转自：http://blog.youkuaiyun.com/ehui928/article/details/1011309

Counting bits set (naive way)

unsigned int v; // count the number of bits set in v
unsigned int c; // c accumulates the total bits set in v

for (c = 0; v; v >>= 1)
{
  c += v & 1;
}

The naive approach requires one iteration per bit, until no more bits are set. So on a 32-bit word with only the high set, it will go through 32 iterations.

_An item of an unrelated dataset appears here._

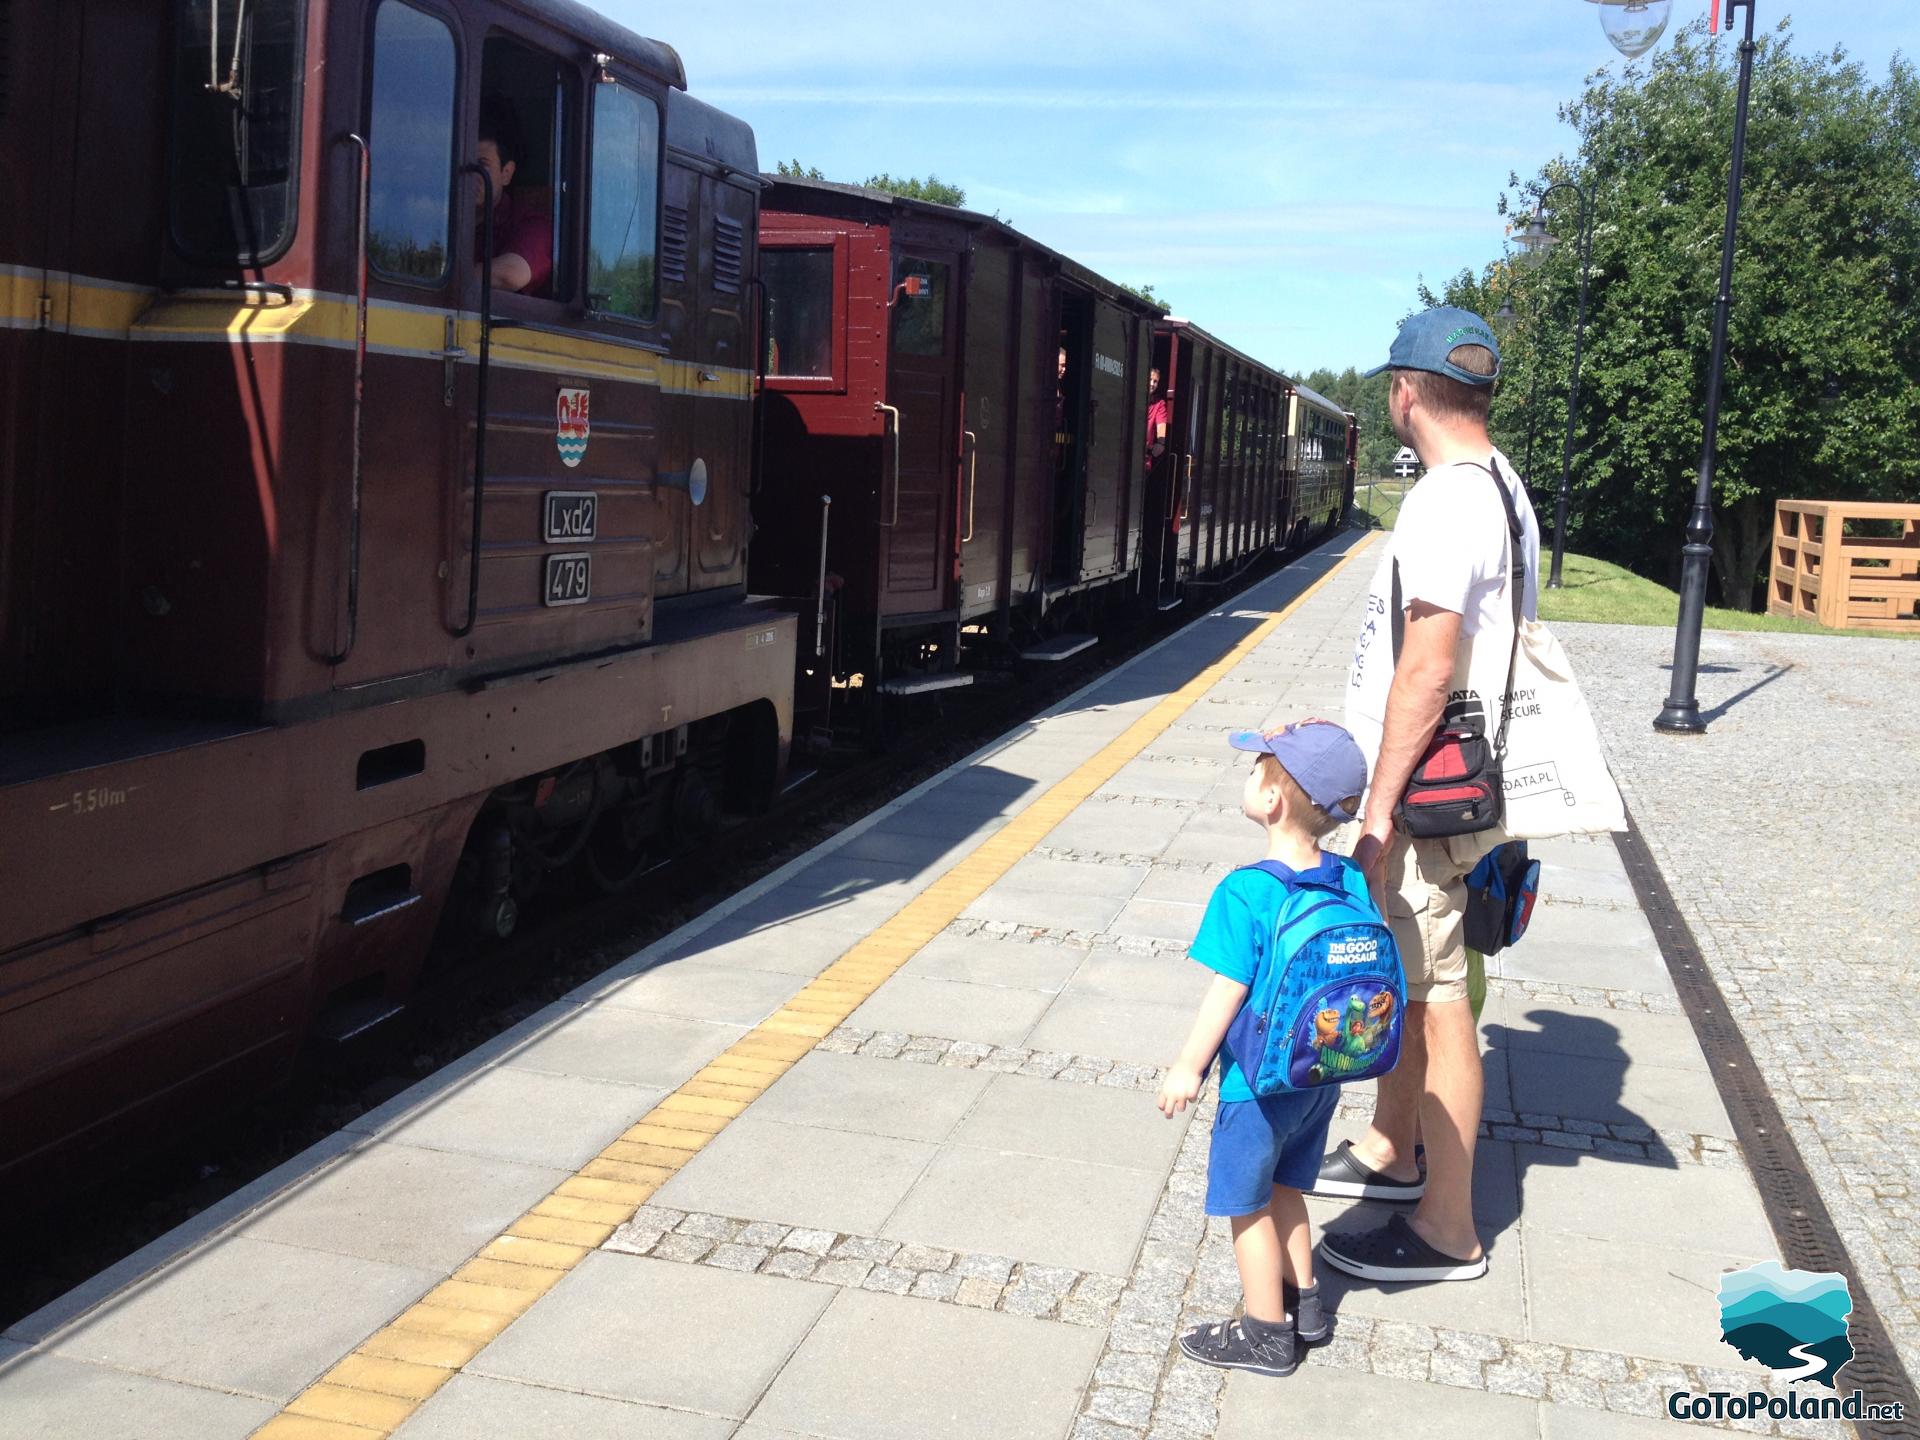 Two boys and a man watching a train arriving at the station

Counting bits set by lookup table

static const unsigned char BitsSetTable256[256] = 
{
#   define B2(n) n,     n+1,     n+1,     n+2
#   define B4(n) B2(n), B2(n+1), B2(n+1), B2(n+2)
#   define B6(n) B4(n), B4(n+1), B4(n+1), B4(n+2)
    B6(0), B6(1), B6(1), B6(2)
};

unsigned int v; // count the number of bits set in 32-bit value v
unsigned int c; // c is the total bits set in v

// Option 1:
c = BitsSetTable256[v & 0xff] + 
    BitsSetTable256[(v >> 8) & 0xff] + 
    BitsSetTable256[(v >> 16) & 0xff] + 
    BitsSetTable256[v >> 24]; 

// Option 2:
unsigned char * p = (unsigned char *) &v;
c = BitsSetTable256[p[0]] + 
    BitsSetTable256[p[1]] + 
    BitsSetTable256[p[2]] +	
    BitsSetTable256[p[3]];


// To initially generate the table algorithmically:
BitsSetTable256[0] = 0;
for (int i = 0; i < 256; i++)
{
  BitsSetTable256[i] = (i & 1) + BitsSetTable256[i / 2];
}

On July 14, 2009 Hallvard Furuseth suggested the macro compacted table.

Counting bits set, Brian Kernighan's way

unsigned int v; // count the number of bits set in v
unsigned int c; // c accumulates the total bits set in v
for (c = 0; v; c++)
{
  v &= v - 1; // clear the least significant bit set
}

Brian Kernighan's method goes through as many iterations as there are set bits. So if we have a 32-bit word with only the high bit set, then it will only go once through the loop.

Published in 1988, the C Programming Language 2nd Ed. (by Brian W. Kernighan and Dennis M. Ritchie) mentions this in exercise 2-9. On April 19, 2006 Don Knuth pointed out to me that this method "was first published by Peter Wegner in CACM 3 (1960), 322. (Also discovered independently by Derrick Lehmer and published in 1964 in a book edited by Beckenbach.)"

Counting bits set in 14, 24, or 32-bit words using 64-bit instructions

unsigned int v; // count the number of bits set in v
unsigned int c; // c accumulates the total bits set in v

// option 1, for at most 14-bit values in v:
c = (v * 0x200040008001ULL & 0x111111111111111ULL) % 0xf;

// option 2, for at most 24-bit values in v:
c =  ((v & 0xfff) * 0x1001001001001ULL & 0x84210842108421ULL) % 0x1f;
c += (((v & 0xfff000) >> 12) * 0x1001001001001ULL & 0x84210842108421ULL) 
     % 0x1f;

// option 3, for at most 32-bit values in v:
c =  ((v & 0xfff) * 0x1001001001001ULL & 0x84210842108421ULL) % 0x1f;
c += (((v & 0xfff000) >> 12) * 0x1001001001001ULL & 0x84210842108421ULL) % 
     0x1f;
c += ((v >> 24) * 0x1001001001001ULL & 0x84210842108421ULL) % 0x1f;

This method requires a 64-bit CPU with fast modulus division to be efficient. The first option takes only 3 operations; the second option takes 10; and the third option takes 15.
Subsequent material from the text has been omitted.